Quantum computing is getting the headlines these days, with buzz among scientists of giga-powered number-crunching and unbreakable encryption.
The US National Security Agency (NSA) is reportedly advancing towards a quantum computer that could crack almost any conventional algorithm.
The NSA plans were leaked by contractor Edward Snowden and reported by The Washington Post on Thursday.
Details of its work remain sketchy, though. And the agency is only one of many players, both public and corporate, in a field that must overcome many hurdles before it can dethrone standard computing.
Conventional computers work by processing binary code—an information currency that exists in one of two states, either zero or 1.
Quantum computers, though, break free of the two-state constraints.
They harness the principle of quantum mechanics, when strange things occur through the state of an atom's spin, something called angular momentum.
In a quantum state, the atom goes into a condition called superposition. It can hold the value of zero or 1 or both values at the same time.
This juggling trick holds out the possibility of parallel processing on a massive scale.
An algorithm that a conventional supercomputer might take years to break could be cracked by so-called qubits, or quantum bits, in a fraction of the time.
"The special properties of qubits will allow quantum computers to work on millions of computations at once," says IBM. "For example, a single 250-qubit state contains more bits of information than there are atoms in the Universe."
Daunting engineering obstacles have to be overcome, though. In order to achieve the fragile quantum state, a cloud of atoms has to be cooled to near-absolute zero and controlled by pulses of laser.
Changes in temperature, electromagnetic waves and minute defects in material can all wreck the sought-after superposition that fuels the qubit.
Scaling up these computers from hugely expensive, highly protective labs represents "an enormous practical challenge," the Nobel jury said in 2012, when it awarded that year's physics prize for fundamental work on the quantum state.
Quantum's other big plus is a phenomenon called entanglement.

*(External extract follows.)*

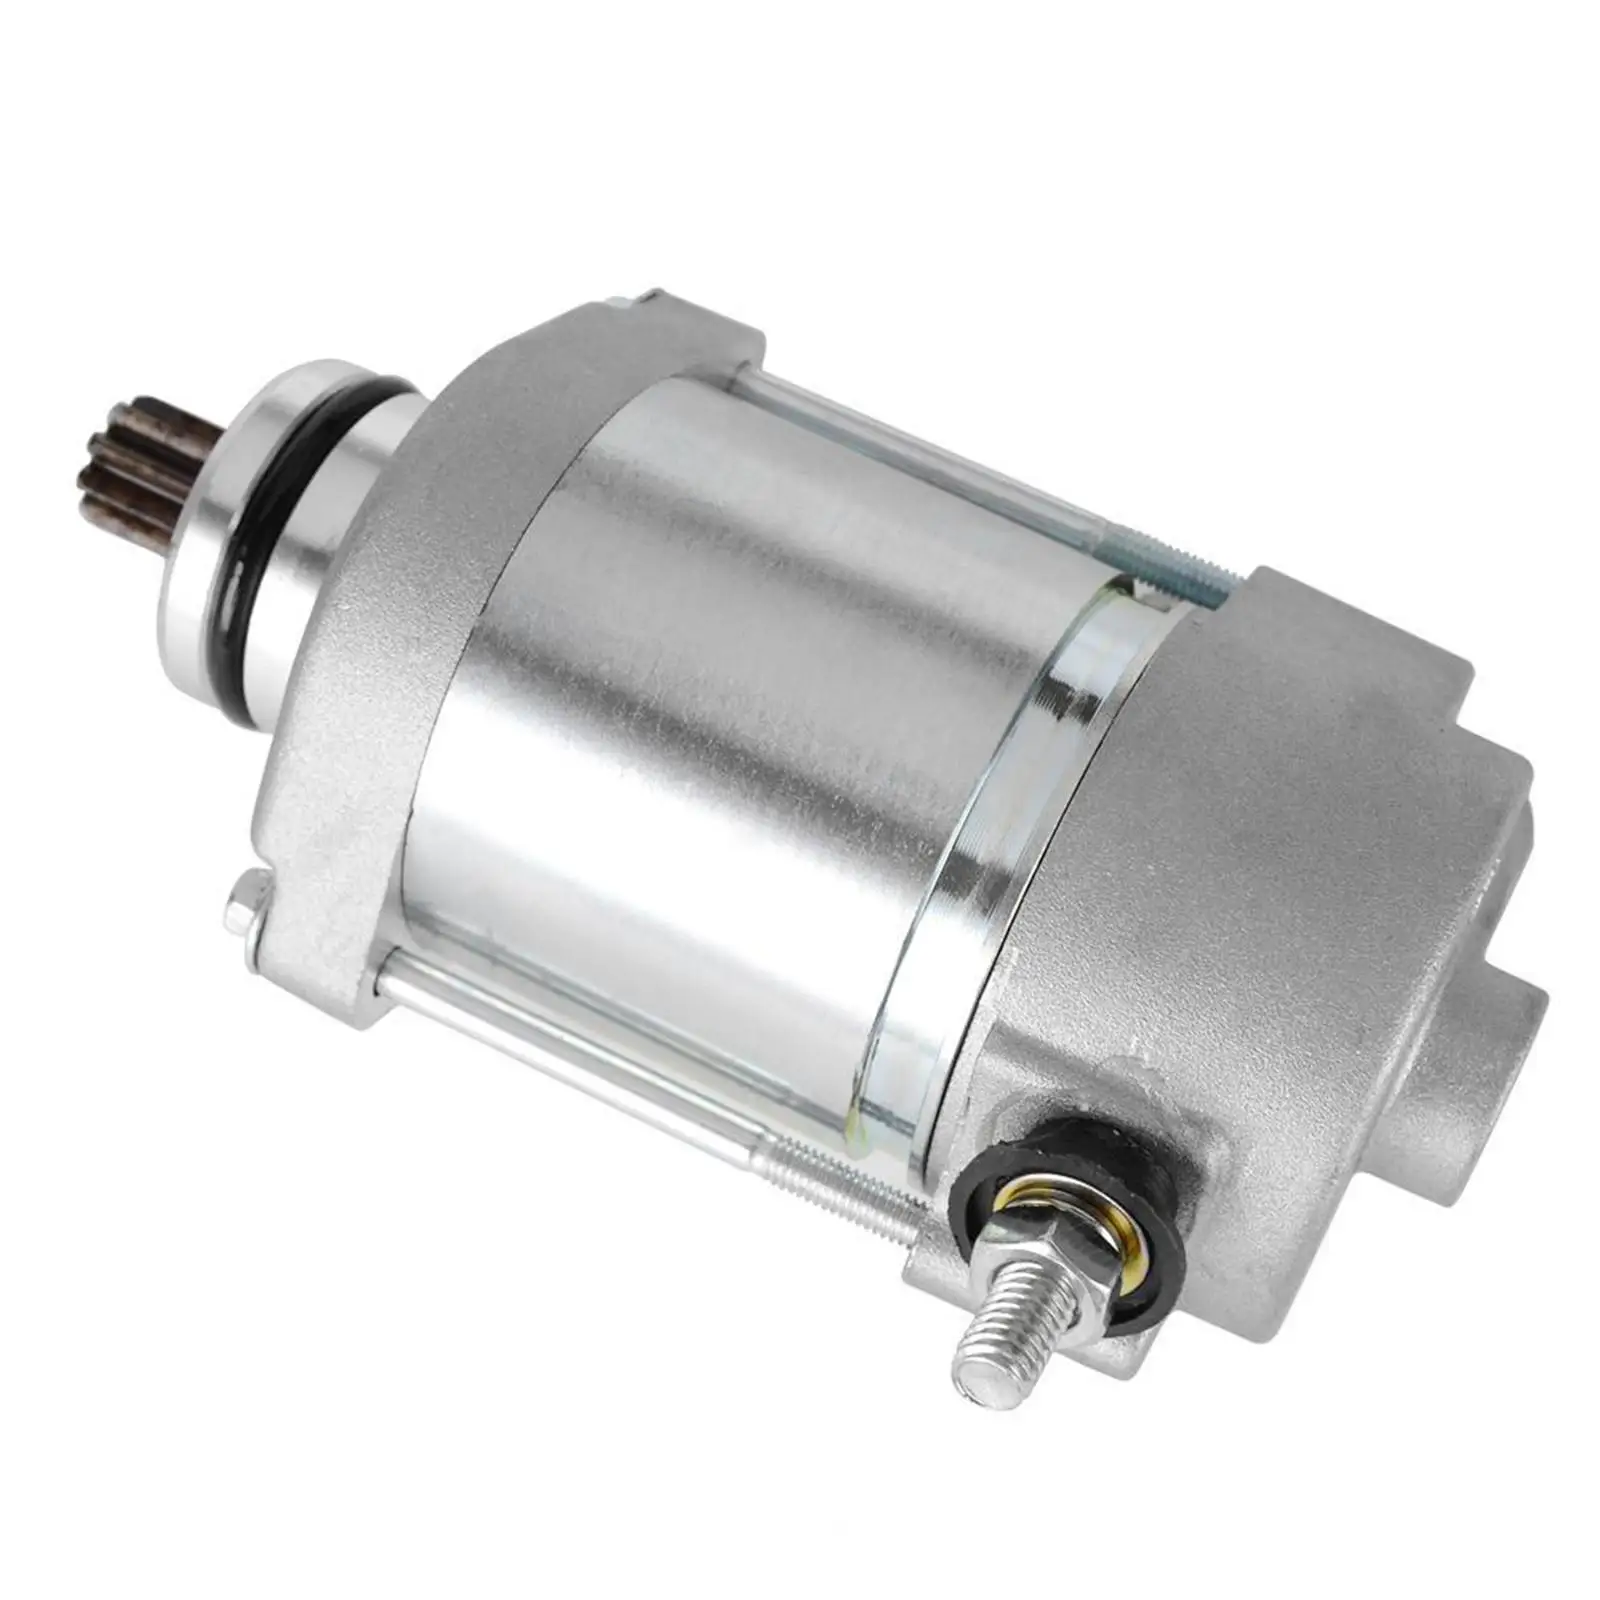 Motorcycle Starter Motor Directly Replace Smu0505 for 200 250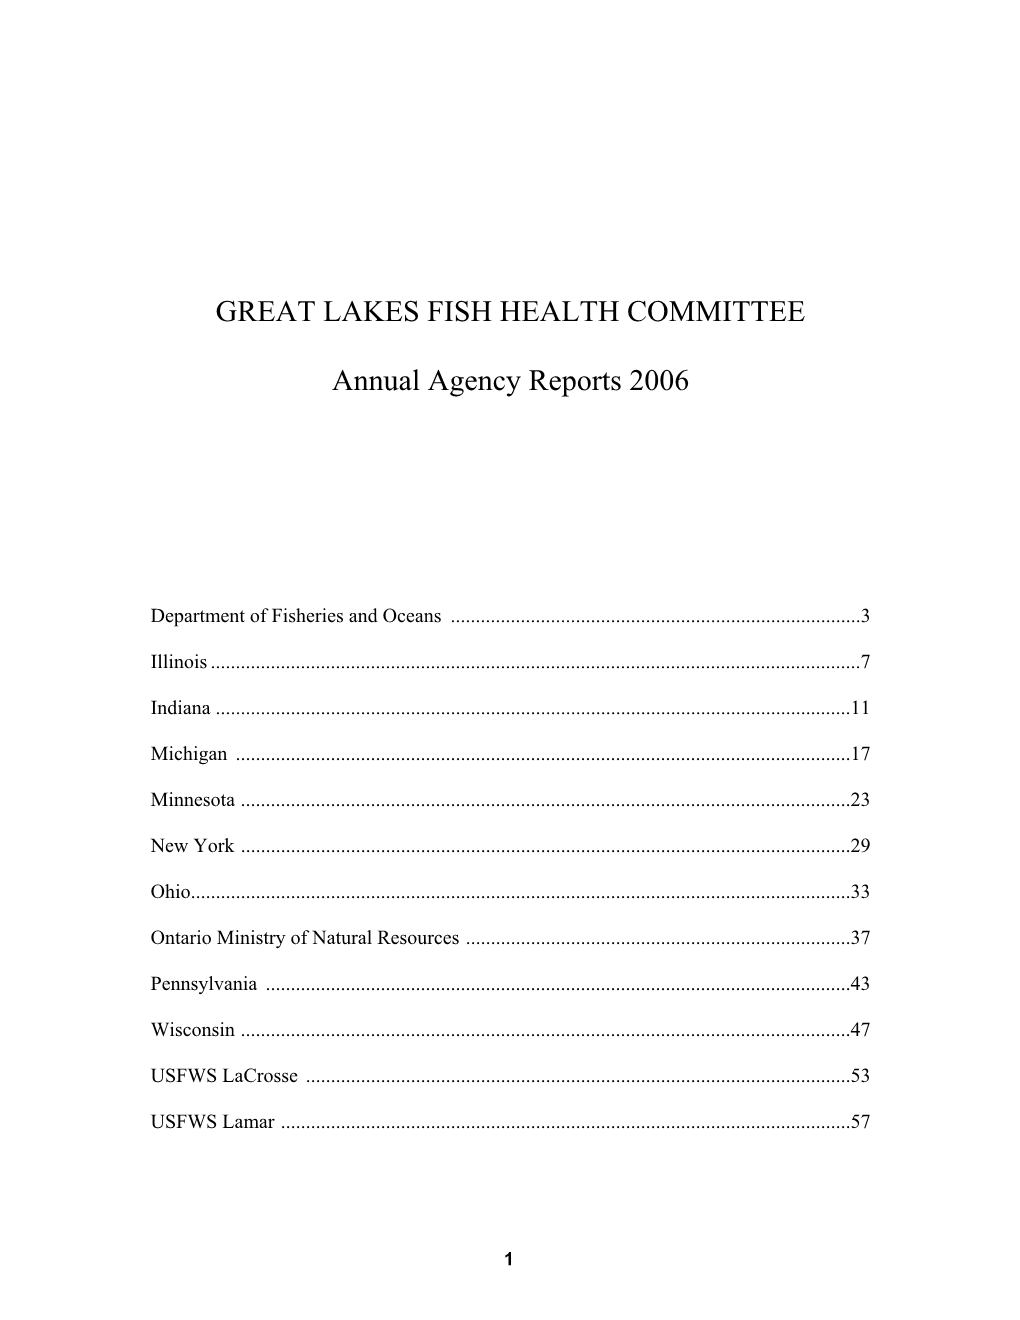 GREAT LAKES FISH HEALTH COMMITTEE Annual Agency

Particles created in a quantum state behave like psychic twins.
Even if they are far apart, a disturbance to one particle affects the other, a phenomenon that Einstein once called "spooky action at a distance."
Thus if a message sent in a quantum state is intercepted en route, the entanglement is destroyed—and alarm bells ring that someone is eavesdropping.
Achieving quantum cryptography
Entanglement is the big goal of quantum cryptography.
It holds out the possibility of creating a unique, one-time code shared only by sender and recipient that would be almost impossible to decrypt by an outsider. Better still, the message could not even be touched during transmission.
Even without entanglement, though, the quantum state can be useful in cryptography, said Philippe Grangier, a specialist in quantum optics at France's National Centre for Scientific Research (CNRS).
His team has done tests that sends a standard-encrypted message, along with a quantum-encrypted key, in squirts of light down a fibre-optic cable.
Once received, the key is then used to decode the message.
The technique uses the quantum signature in the key as a burglar alarm, Grangier said in a phone interview.
"Just the slightest interception of the data will reduce the size of the quantum key when it gets to the recipient, and the spy gets detected," said Grangier.
"The more the spy perseveres, the smaller the key becomes. Eventually, the connection is cut."
Their greatest length for transmission has been through a cable 80 kilometres (50 miles) long—a distance that is useful for local communications but still way too short for transcontinental use or more.
Going beyond this distance lies the conundrum of how to amplify a weakening light signal down a cable so that the data is repeated but does not lose its quantum state through interference.
Other techniques aim at overcoming the "repeater" problem by line of sight laser transmission, in theory to satellites in near-Earth orbit.